CRD in Poultry- Chronic Respiratory Disease' Cause:
The underlying cause of CRD in Poultry is Mycoplasma gallisepticum (MG).The condition is frequently triggered by respiratory viruses such as ND and IB and subsequently complicated by bacterial invasion.The main agents involved in the infection are Mycoplasma gallisepticum and E. coli. Stress caused by moving the birds, by debeaking, other operations/handlings or other unfavourable conditions e.g. cold or bad ventilation, make the birds more susceptible. Avian mycoplasmosis can be caused by several species of Mycoplasma (class Mollicutes, order Mycoplasmatales, family Mycoplasmataceae) including Mycoplasma gallisepticum, M. synoviae, M. meleagridis and M. iowae. M. gallisepticum is the most important pathogen in poultry. It also causes disease in other avian species. M. gallisepticum infections are also known as chronic respiratory disease (CRD) of chickens, infectious sinusitis of turkeys and house finch conjunctivitis. Several strains of M. gallisepticum have been reported, including the R (poultry), P (psittacine) and house finch strains. Strains may vary greatly in their pathogenicity for different species of birds. In one study, budgerigars developed severe disease after experimental infection with the R strain of M. gallisepticum but not the house finch strain.
Etiology Mycoplasma gallisepticum + chronic stress factor + secondary coliform organisms cause respiratory disease Species susceptible Chickens, turkeys, pigeons, ducks,Peafowl and passerine birds. Incidence Very widespread and present in most, if not all commercial flocks. Each batch of new pullets will become infected.
Transmission of CRD in Poultry :
The main problem is that parent birds infected with Mycoplasma gallisepticum can transmit the organism through the egg to their offspring (vertical transmission). In addition, infection can occur by contact or by airborne dust or droplets (horizontal transmission). The incubation period varies from 4 days to 3 weeks.
Egg Transmission - of major importance and the means by which the disease perpetuates itself. Airborne (aerosol) - generally rapid, but does not travel distances. Indirect or mechanical - the major means of entry of CRD is by the introduction of infected carrier birds or transport by persons such as service personnel, vaccinators and blood testers. The risk is great when people handle CRD-free birds on the same day after handling CRD-infected birds. Transfer can also occur on equipment (crates, vehicles, and vaccinating equipment).
Clinical Signs of CRD in Poultry :
Young chickens (broilers or layer pullets) will show respiratory distress. The birds frequently show lack of appetite, decreased weight gain and increased feed conversion ratios. In adult birds the most common signs are sneezing and general respiratory distress. In laying birds a drop in egg production between 20-30 % can occur. In breeders hatchability can be affected and day-old chick quality produced from hatching eggs coming from infected flocks will be reduced.
Sign of CRD in Poultry :
• Nasal and ocular discharge, (watery eyes) rattling in the wind pipes, coughing, gasping (dyspnea), sneezing and shaking of the hed.
• Feed consumption drops off leading to decreased egg production and loss of weight.
• Male birds frequently have the most prominent signs.
• Reduced hatchability and chick viability.
• Occassional encephalopathy and abnormal feathers In Broilers
• Most outbreaks occur between 3rd and 6th weeks ofage.
• Poor feed conversion, sharp decline in weight gain.
• Slow growth
• Leg problems
• Morbidity rate fairly high but not great mortality.

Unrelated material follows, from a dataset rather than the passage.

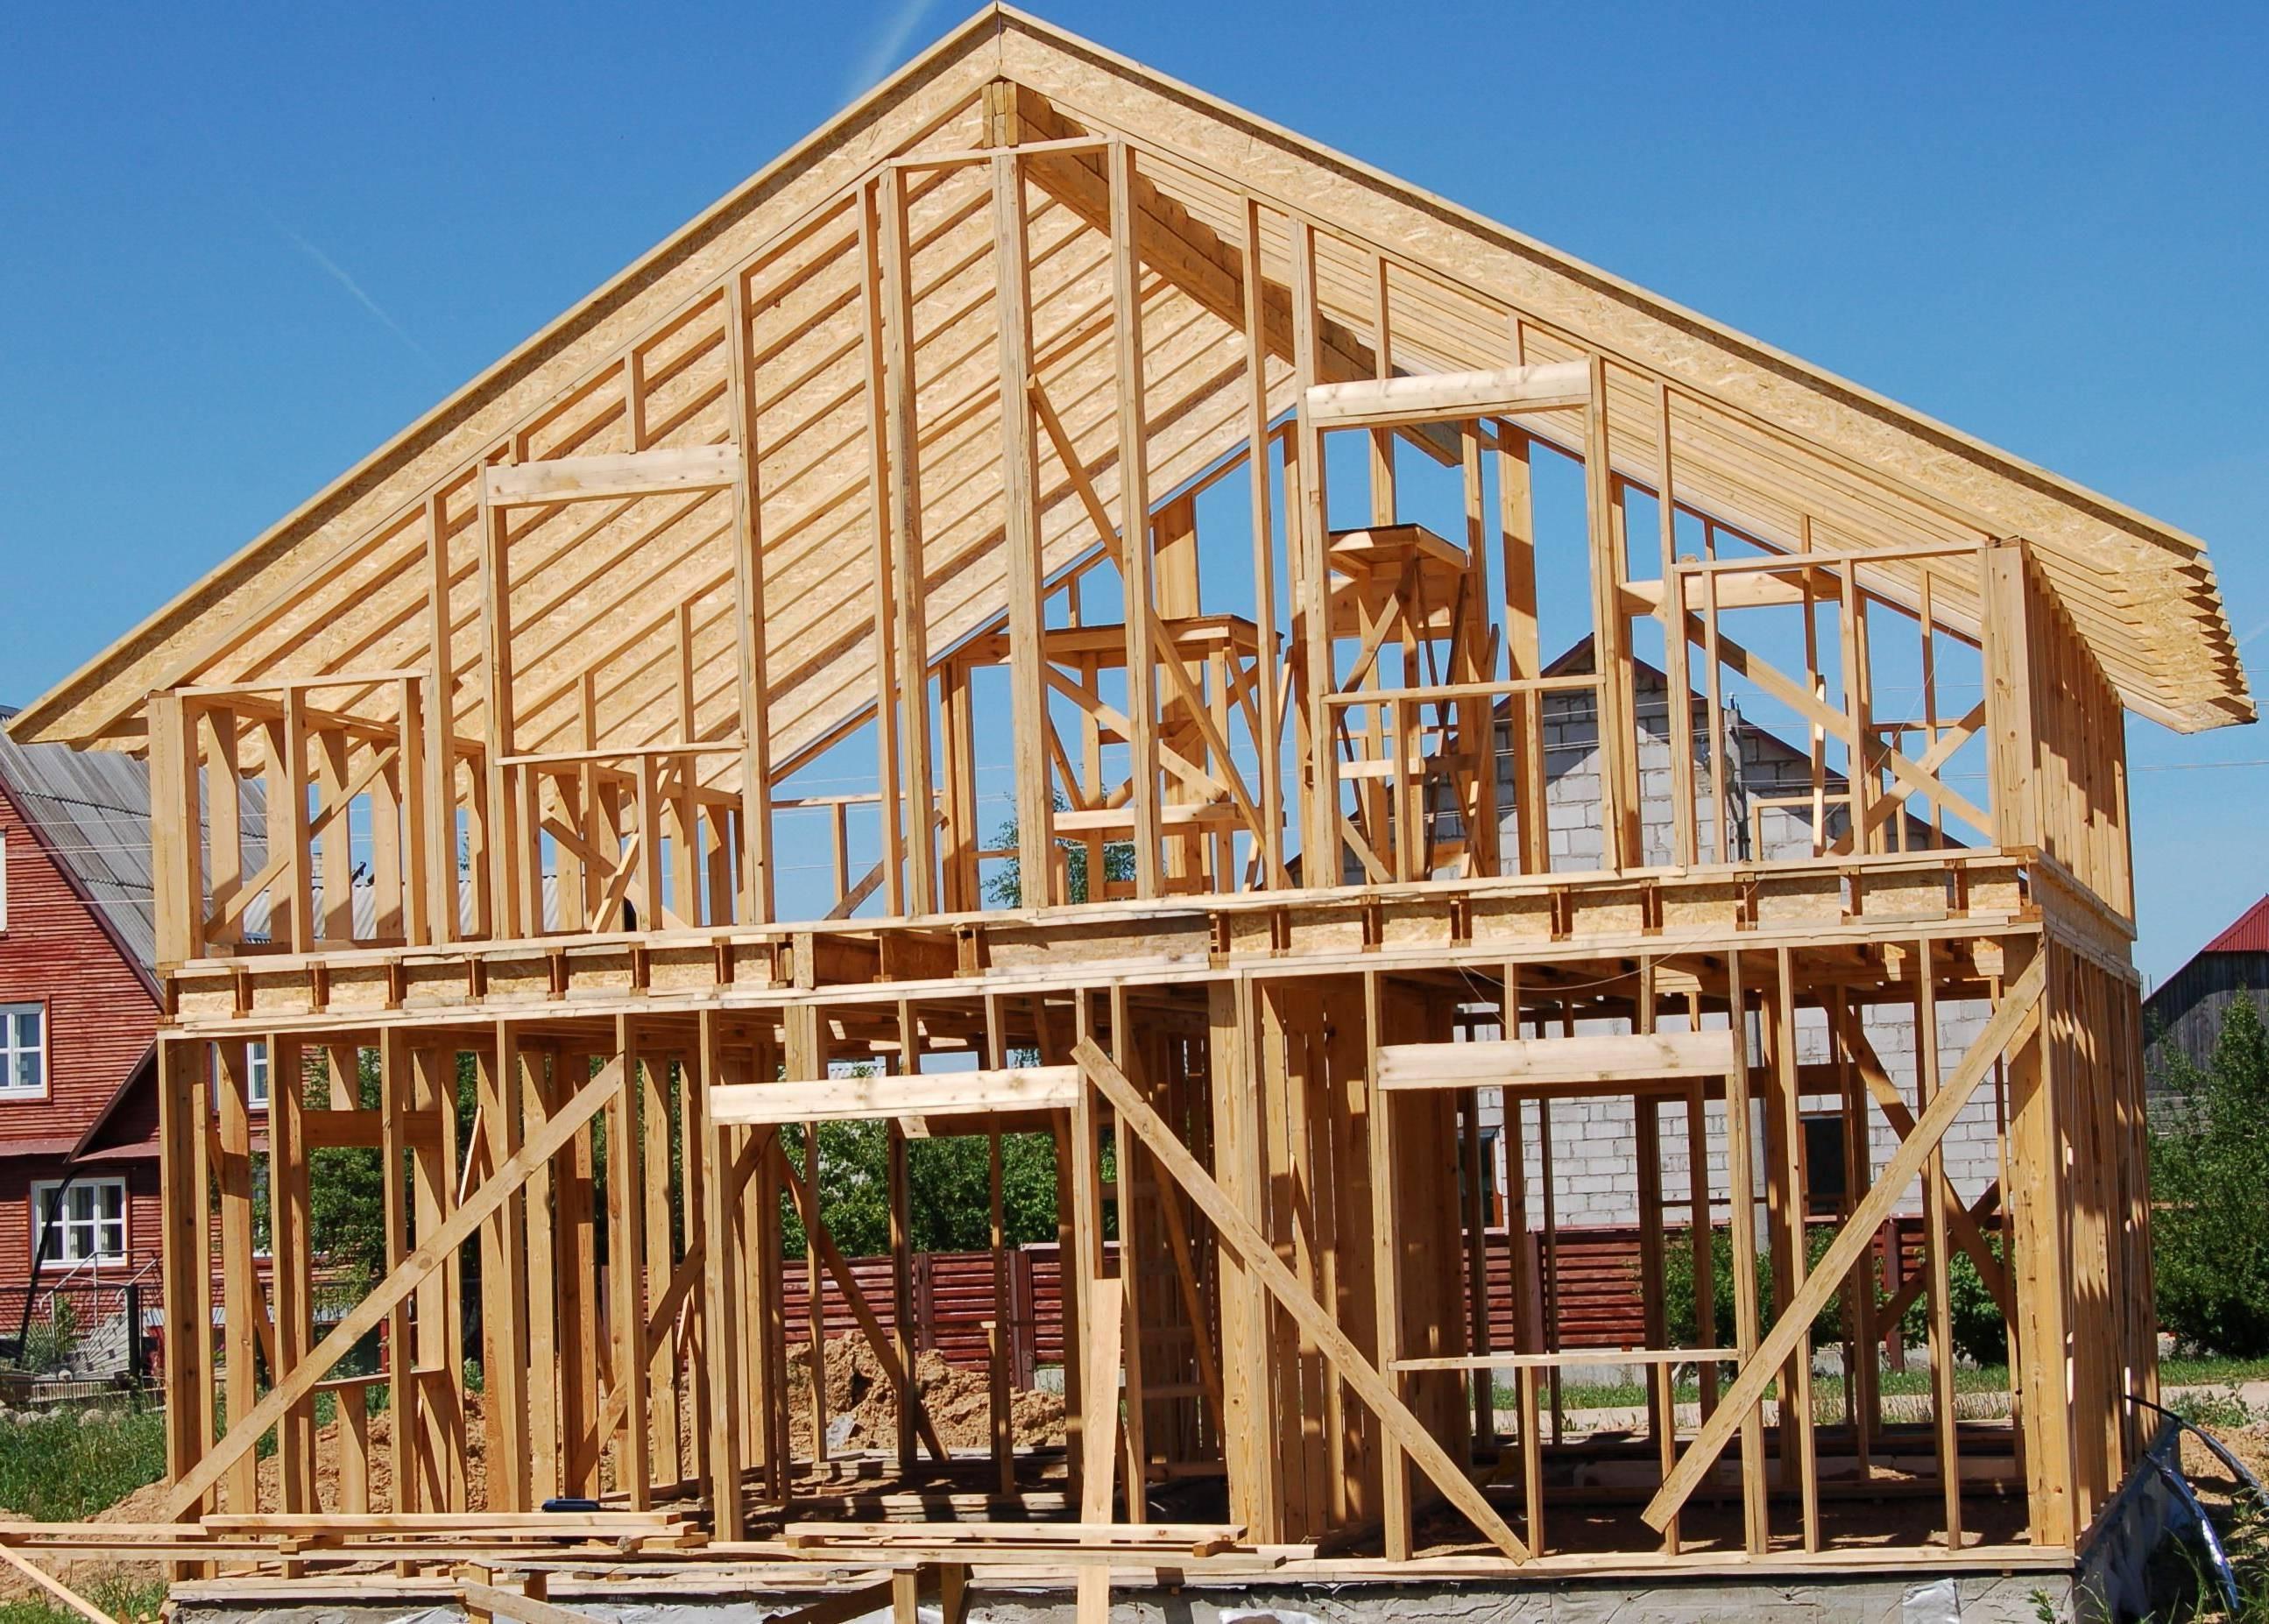 Из чего лучше строить дом? не совершайте моих ошибок. какой дом лучше построить для постоянного проживания вашей семьи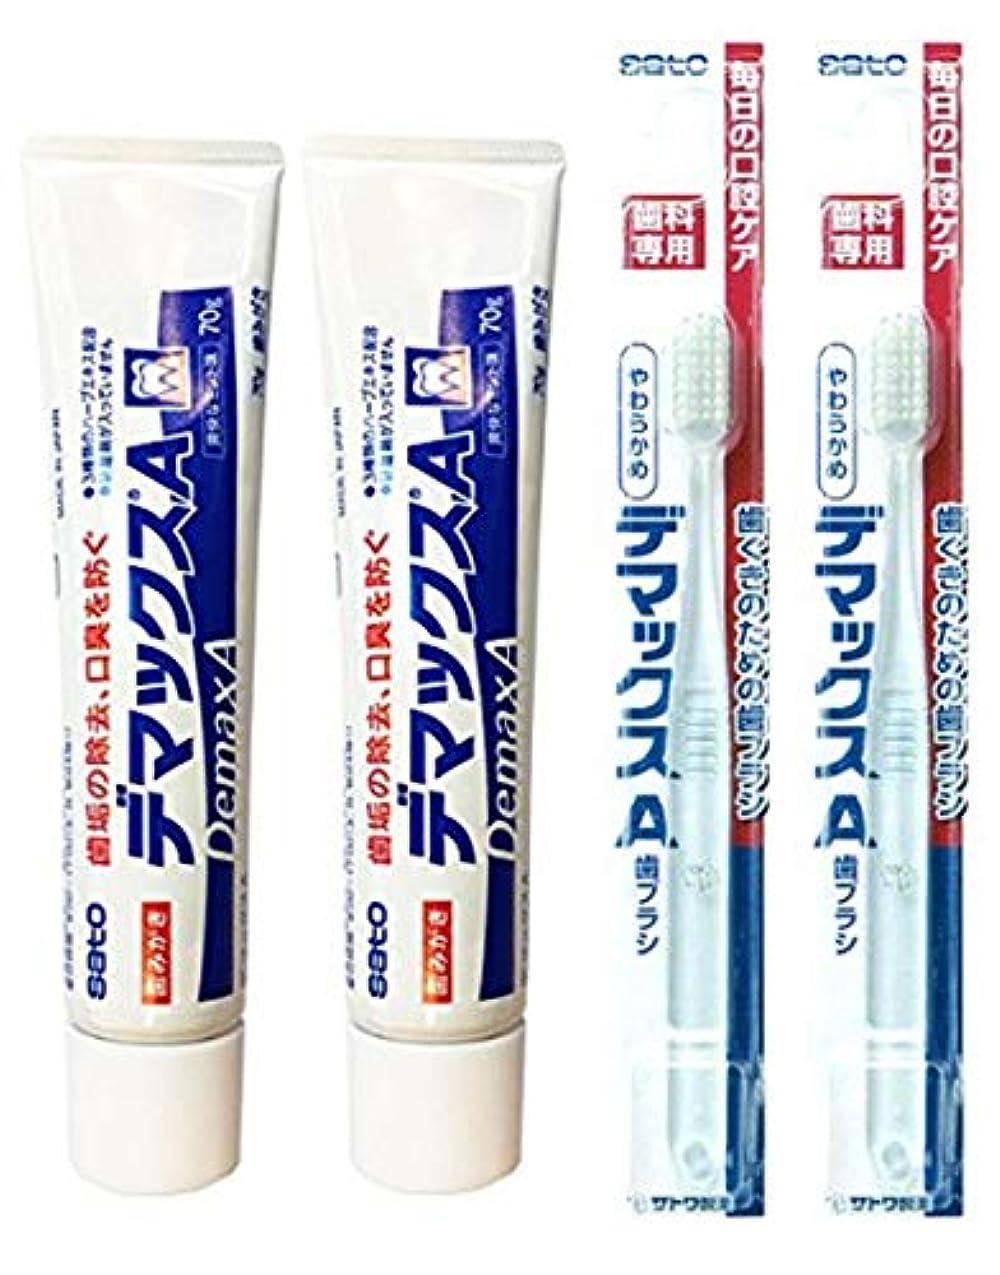 近傍最も遠いアシュリータファーマン佐藤製薬 デマックスA 歯磨き粉(70g) 2個 + デマックスA 歯ブラシ 2本 セット

• Poor carcass quality, high contamination rate. Thin and weak birds with razor-blade breasts.
Diagnosis of CRD in Poultry :
Diagnosis of MG infection can be made based on clinical signs and post mortem lesions followed by confirmation in the laboratory using blood (serum) samples for serology or organs swabs for identification by PCR or mycoplasma isolation. Respiratory virus infection (Newcastle disease or infectious bronchitis) with secondary infection (E. coli, etc.) can give similar lesions.
Internal Lesions of CRD in Poultry :
A reddish inflamed trachea and/or frothy, cheesy exudate in the airsacs, especially in complicated cases (e.g. with secondary E. coli infections) are observed. In mild MG infections the only lesion might be slight mucus in the trachea and a cloudy or light froth in the airsacs.
Post Mortem Lesions of CRD in Poultry :
In uncomplicated cases in chickens, the lesions typically include mild sinusitis, tracheitis and airsacculitis. If the chicken is infected concurrently with E. coli, thickening and turbidity of the air sacs, exudative accumulations, fibrinopurulent pericarditis and perihepatitis may be seen. In turkeys, severe mucopurulent sinusitis may be found, with variably severe tracheitis and airsacculitis. Lesions reported in naturally infected chukar partridges and pheasants include conjunctivitis and sinusitis of one or both infraorbital sinuses. Finches typically exhibit mild to severe inflammation in one or both eyes and the periorbital region. The eyelids may be swollen and inflamed, and a clear to cloudy, thickened ocular discharge may be noted. There may also be drainage from the nares.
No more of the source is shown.